Each team will have one person pitch their project for 3 minutes followed by a 2 minutes Q&A session. The pitch will be in front of three judges each with different areas of exptertise. The presenter should bring their laptop and use it for the pitch. All judging will take place on the second floor. A schedule will be shared after 11:30 Sunday. Please be there at least 5 minutes before your allocated timeslot.
We aim to continuously improve the process. This is why this year we will have three different approaches to judging:
- "Traditional judging": Judges watch live pitches & Judges check submissions async digitally
- Community judging powered by quadratic voting
Overall, we also want to increase the transparency of the judging. This is why all judge voting sheets will be made publicly available after the winning ceremony.
Judging will take place on Sunday 18th September and the judges will be reviewing project submissions, and watching pitches, from the 11am deadline until just before the closing ceremony. Note: we will also be shuffling the judging teams halfway through just to make sure there is no relative bias.
The track specific judges will watch live pitches, while the judges allocated to the meta awards will review the submissions digitally. There will be 24 track judges (8 groups of three), and each group will include one technical person, one product/wildcard and one business/VC judge.
As mentioned above, the meta specific judges will review submissions digitally and there will be two pairs of judges per meta award.
The judges will be reviewing each submission with the following criteria in mind.
- Technicality: How hard was it to build this and how does the quality of the codebase compare?
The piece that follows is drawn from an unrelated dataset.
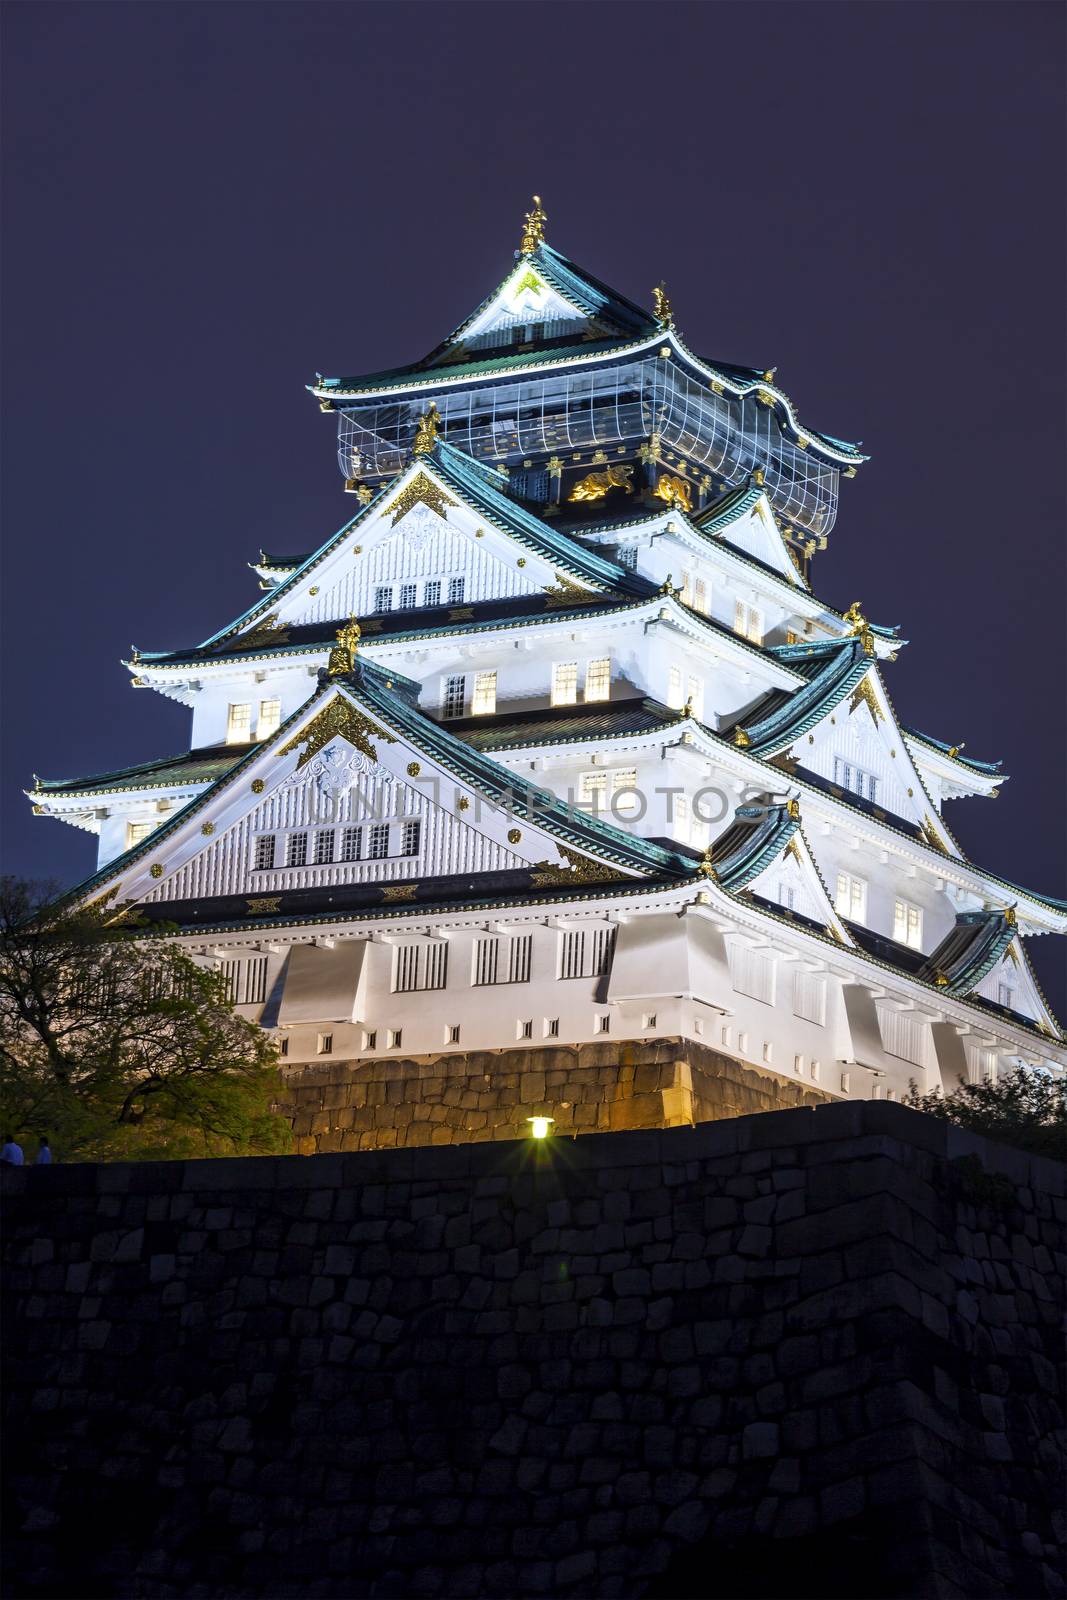 Osaka Castle at night in Japan by kawing921

- Originality: Is this something completely new or are there already projects with grant funding working on a similar scope?
- Practicality: How would this submission survive in the real world, outside of the crypto community? Or, if the project were to be specifically targeted to the crypto community, how correctly targeted is it?
- WOW Factor: What else is there about the submission? Has this project and/or team defied expectations, based on timing, efforts, etc.?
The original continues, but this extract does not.